Tuesday, July 17, 2007

Flashback: Tommy the Cork Brews His Own Guatemala Revolution in Behalf of United Fruit with the Help of the Dulles Boys. A Rather Grim Outlook for the Country—but He Dies As Reagan Takes Over, with Hope.

[Fifty plus years of politics written as a memoir for my kids and grandchildren.]

How long, you must wonder, did this lunch at the Madison Hotel take to digest the entire history of Thomas Corcoran the (a) presidential staffer. (b) first White House liaison ever to the Congress, (c) conservative anti-Communist who befriended Chiang Kai-shek through Claire Chennault and his lovely wife, later widow; (d) friend of LBJ who got him elected to the Senate through chicanery and contact with Justice Hugo Black, (e) lobbyist for United Fruit who wanted to knock out a tyrant in Guatemala…and so on? Answer: pretty long but I knew fairly well the story from his legend and just nudged him a bit. You’ll notice I’m not putting him in quotes although I have `em, in respect to a pledge made to a man dead since 1981; the summary quotes will come later.

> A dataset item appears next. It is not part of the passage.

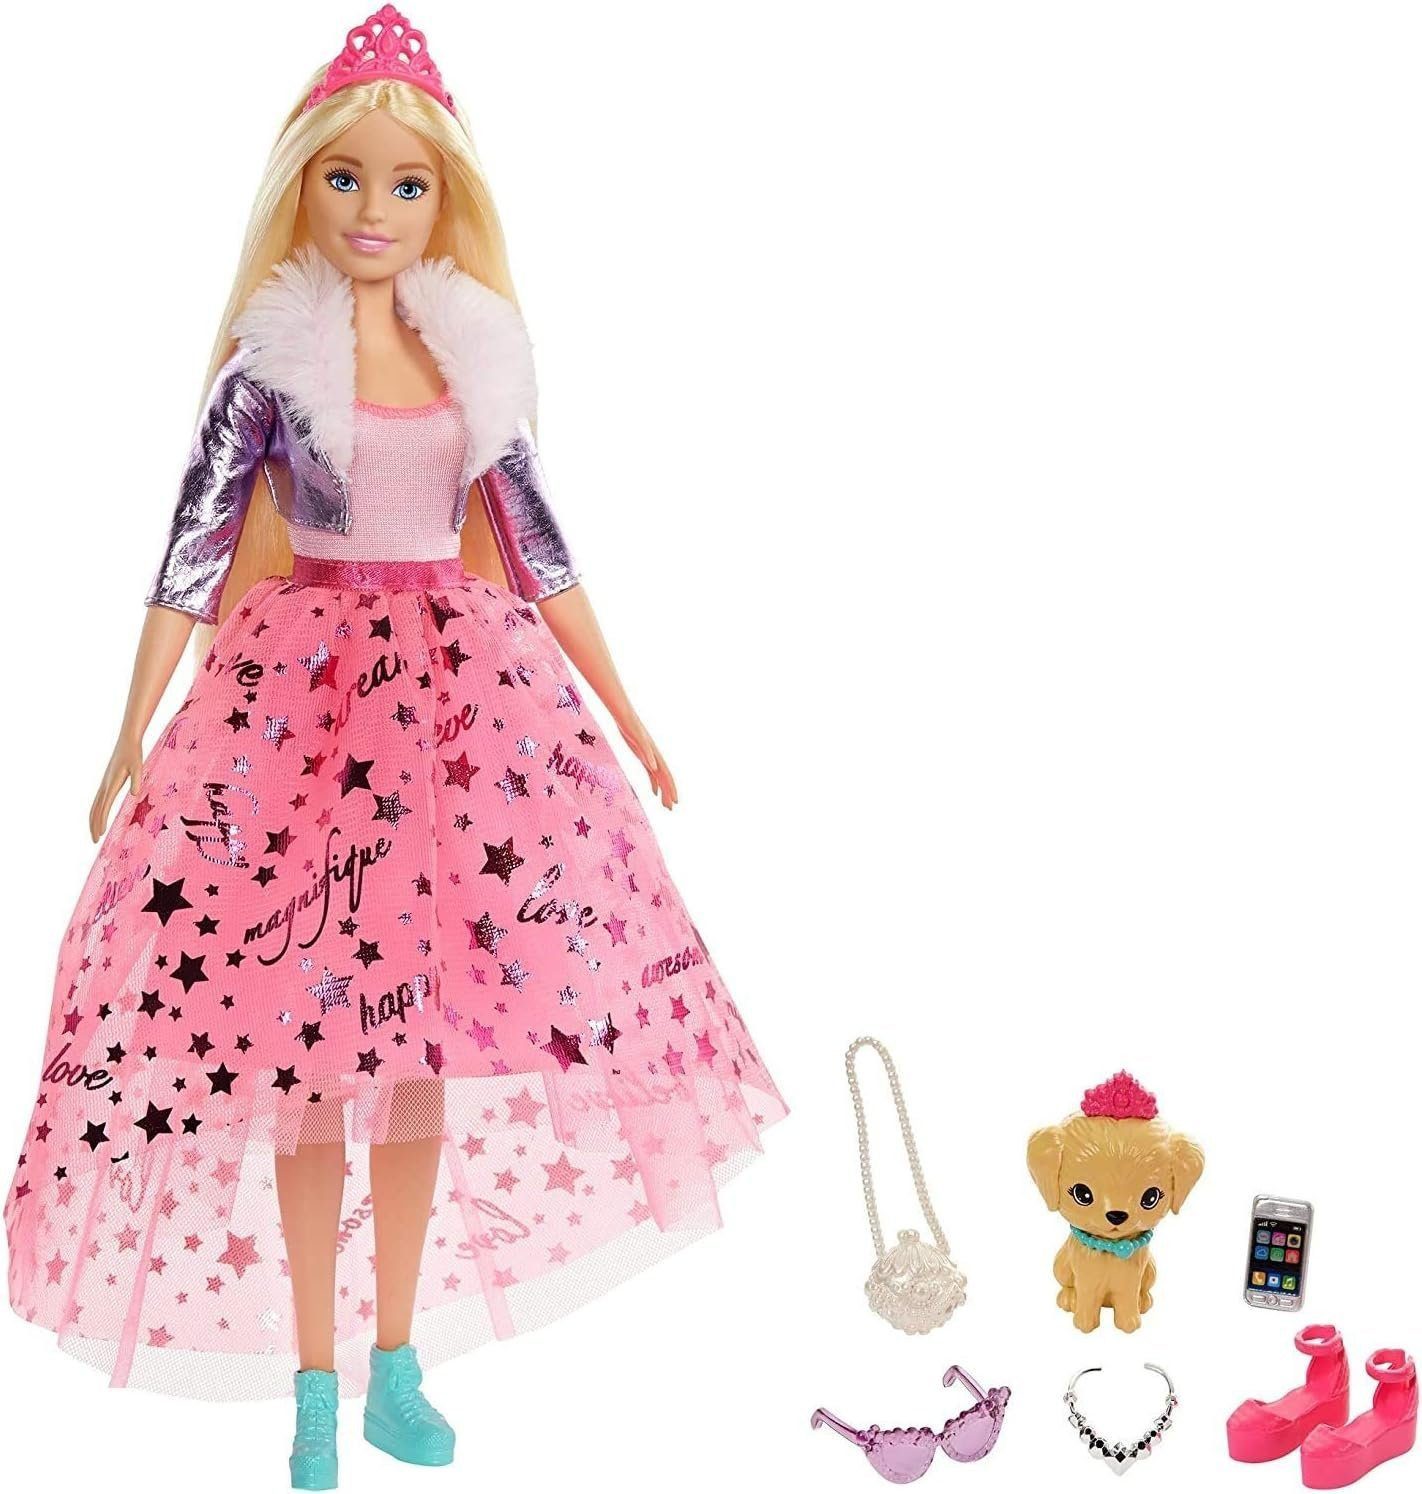 Barbie Anziehpuppe Prinzessinnen Abenteuer Puppe mit Mode (ca. 30 cm), Barbie Puppen (mit Hündchen, 2 Paar Schuhe, Diadem und 4 Accessoires, 9-tlg., ab 3 Jahren, Ken), The Movie, Spielpuppen, Spielpuppe Barbie, Haus, Prinzessin, Sale

John Foster Dulles named a Corcoran buddy to supervise the plan to dump the Guatemala dictator (“Operation Success”), William Pawley who had worked with Corcoran and Chennault to set up the Flying Tigers. A rebel “liberation army” funded by the U. S. was set up and trained in Nicaragua. The Guatemalan dictator got wind of it; Tommy worked with the Dulles boys to set up a radio “Voice of Liberation.” One of the operatives assigned to him was E. Howard Hunt, later of Watergate fame. The dictator seeing the odds of the U. S. government rallying forces to defeat him tried to stimulate the Guatemalan army but key officers told him they could no longer support him, so he hightailed it into Mexico.

From that point, Guatemala installed a pro-Western government which was anti-communist and pro-United Fruit. Then Tommy went back to making a rather mundane but exceedingly affluent living, dabbling in conservative foreign policies with the aid of Anna Chennault.

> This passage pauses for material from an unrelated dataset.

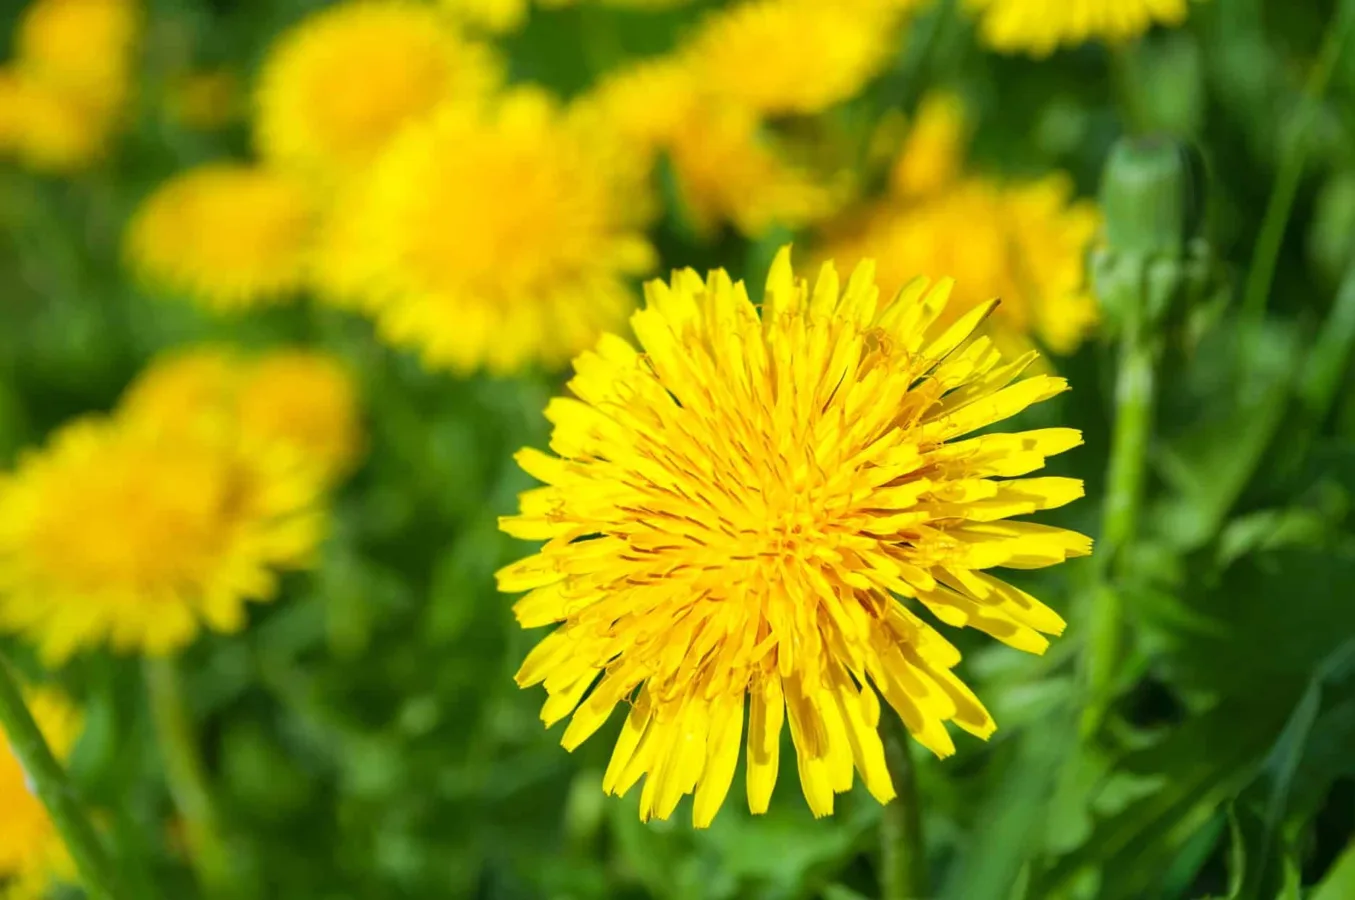 Żółty kwiat mniszka lekarskiego z widocznymi szczegółami płatków i pręcików, otoczony zielonymi liśćmi i trawą, w naturalnym, słonecznym świetle

“It’s very important that we continue this [anti-communist] activity after Nixon is gone,” he told me. “Understand, Nixon isn’t very damn good. He’s duplicitous and has no ideals. But I worry that the Democrats are veering to the Left and that won’t do us any good at all.”

Later I touched base with him when Gerald Ford was president.

“He’s so non-ideological he doesn’t realize the stakes,” he said. “Too much time in the House where he ran the minority. There’s a kind of psychosis that creeps up on veteran House members who are in the minority as long as Jerry has been. Willing to avoid fights, take the leavings that fall from the table.”

But later when I talked to him about Jimmy Carter, he was morose. “This is the first time in my lifetime that I look at this guy and say how the hell did you get there? I fear he’s the symbol of a weakened United States. Look at his statement about `an inordinate fear of Communism.’ He should be back shelling peanuts.”

Ronald Reagan was his cup of tea. He sought manfully to try to be a player but the old heart wouldn’t hear of it. He died on Pearl Harbor Day, 1981. The funny thing is that some biographers call him a crook. Why I don’t know. He was a brilliant political player…willing to take risks…believing in absolutes. Since his death there has been no one like him. And sadly, maybe there never will be.